Kaorina Carpenter, the very last person on line when I arrived, had the Call Her Daddy podcast episode featuring Rob from the most recent season of Love Island playing as she settled in for the long haul. She knew she’d be there for a while. “I’m really stoked to find things in my size,” Carpenter said. And anyway, she hadn’t bought clothes in nearly a year. She was ready to make up for lost time.
When I made it inside the sale, there was a distinct order rather than what I had assumed would be chaos. Each seller had their own section, and it was clear whose clothing was placed where, a marker of a wonderfully curated sense of style. Yotka’s racks contained black-colored clothing galore and some scrumptious, rare finds from Chopova Lowena and Thom Browne. Elsesser’s section had a laidback air to it and was marked by playful pieces from Miu Miu and lust-worthy Jean Paul Gaultier garments, like a maroon braided-leather jacket and a mesh long-sleeve I nearly purchased. Karefa-Johnson’s corner was colorful and undeniably fabulous with feathered long coats and platform Gucci loafers for the taking.

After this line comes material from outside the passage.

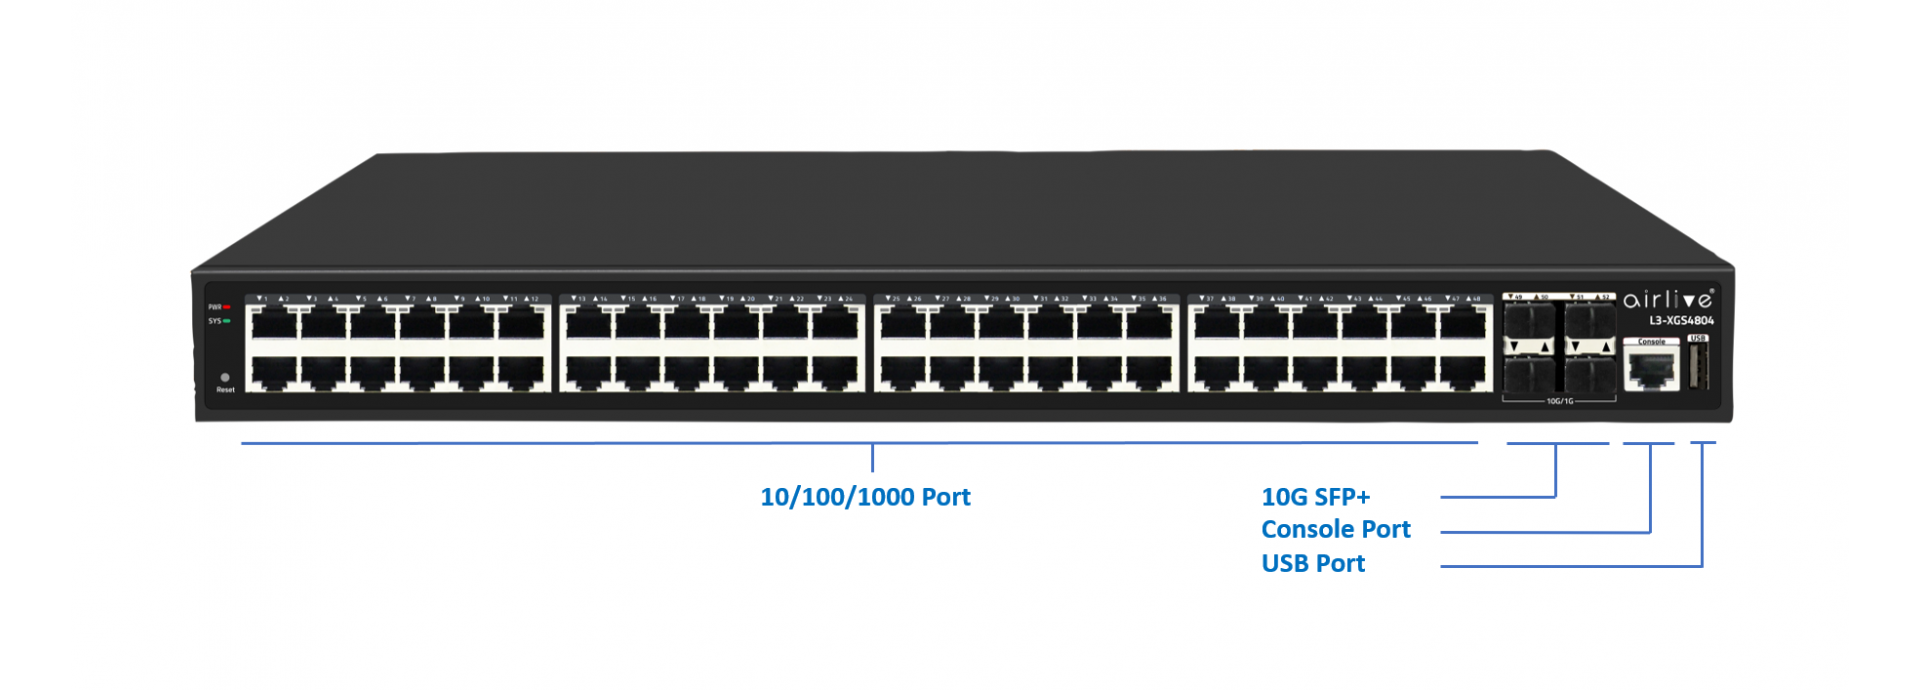 Gigabit Ethernet 16 + 2 SFP ports, L2 web-smart managed switch, rack 19

I grabbed a pair of denim from Elsesser’s area. It was the calmest I’d felt shopping for jeans, a typically fearsome chore for me. As someone who’s currently midsize, I realized it truly felt rare to be at a closet sale and not experience dread when pulling a piece of clothing. I didn’t have to wonder if they would even be remotely close to my size or worry that someone might try and snatch them from me. Instead, at the risk of sounding cliché, there was some sort of earnest communal energy in the room. There seemed to be an understanding that this was a big deal for everybody involved — to have plentiful racks of designer clothes in inclusive sizing from a small to a 4XL. And unlike the vulture-esque vibes I’ve come to associate with other high-profile closet sales, and have experienced firsthand, it felt like we were all in it together.
“I’ve gone through life feeling like the shopping experience is always going to be something that’s fraught or tense or something that I have to overcome, instead of something that I can just enjoy experientially,” Karefa-Johnson told me. “There really is an effort to make it feel like such a positive experience for as many people as possible.”
Throughout the three hours I spent inside the sale, I watched friends and strangers help one another through the experience. I spotted a pair of friends, Molly Ono and Vivek Suri, debating whether Ono should purchase a pair of shoes from the Asics x Cecilie Bahnsen collaboration or a set of bright blue Ottolinger heels when Elsesser walked up to help them make a pro-and-con list. The Asics might be too big on Ono, but the heels, Elsesser said, pointing to their memory-foam strap, are comfortable, an all-night-approved shoe. Minutes later, I watched three girls, their arms overflowing with garments, engage in the same ritual: pausing before checking out to take a moment to present their spoils to one another, allowing the group to decide which pieces would be coming home with them.
I ran into Escalante just after she had checked out. Her bags were hefty, and she was smiling. She held one open so I could see inside. Among her purchases (a Chopova Lowena dress she’d been eyeing from Karefa-Johnson’s closet and a Thom Browne coat), I saw the pearlescent heart-shaped Simone Rocha bag I’d lusted after since it came out.
Just before I headed out to leave as the proud owner of two new-to-me pairs of vintage Levi’s (something I’d struggled to find for years), I spotted Jackson and Long, whom I had met earlier on line. Their hands were full of clothes. “Did you get what you came for?” I asked them. They started squealing as they showed me their finds: a purple silk skirt, a frilled red tank top, and, in Long’s arms, the pair of Junya Watanabe pants she’d hoped to find.